* **Exercise brief**:
Copy out each line below in which the string "from" appears.
[Start of Attachment]
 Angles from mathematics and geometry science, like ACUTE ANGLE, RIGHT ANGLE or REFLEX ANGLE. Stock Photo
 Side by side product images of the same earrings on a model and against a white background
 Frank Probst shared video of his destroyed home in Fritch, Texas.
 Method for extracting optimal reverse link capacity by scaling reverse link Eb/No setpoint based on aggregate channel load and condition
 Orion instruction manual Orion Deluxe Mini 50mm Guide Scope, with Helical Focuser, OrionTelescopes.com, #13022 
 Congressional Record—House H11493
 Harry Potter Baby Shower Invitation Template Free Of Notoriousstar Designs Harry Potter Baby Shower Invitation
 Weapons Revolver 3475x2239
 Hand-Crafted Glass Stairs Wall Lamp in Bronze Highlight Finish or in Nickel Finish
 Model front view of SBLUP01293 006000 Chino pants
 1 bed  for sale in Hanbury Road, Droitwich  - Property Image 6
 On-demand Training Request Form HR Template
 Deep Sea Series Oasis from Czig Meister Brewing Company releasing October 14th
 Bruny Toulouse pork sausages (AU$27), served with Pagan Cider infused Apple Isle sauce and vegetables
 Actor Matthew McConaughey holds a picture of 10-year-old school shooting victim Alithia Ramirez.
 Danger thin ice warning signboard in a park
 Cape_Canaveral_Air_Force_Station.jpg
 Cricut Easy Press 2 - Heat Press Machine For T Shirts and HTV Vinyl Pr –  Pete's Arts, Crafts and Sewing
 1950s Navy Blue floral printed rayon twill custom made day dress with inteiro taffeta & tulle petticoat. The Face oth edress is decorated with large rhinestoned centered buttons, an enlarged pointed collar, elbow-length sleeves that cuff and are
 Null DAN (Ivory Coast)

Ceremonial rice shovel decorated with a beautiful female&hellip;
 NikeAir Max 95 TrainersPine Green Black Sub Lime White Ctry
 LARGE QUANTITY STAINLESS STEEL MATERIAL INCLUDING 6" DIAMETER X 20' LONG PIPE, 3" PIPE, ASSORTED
[End of Attachment]
* **Task answer**:
 Angles from mathematics and geometry science, like ACUTE ANGLE, RIGHT ANGLE or REFLEX ANGLE. Stock Photo
 Deep Sea Series Oasis from Czig Meister Brewing Company releasing October 14th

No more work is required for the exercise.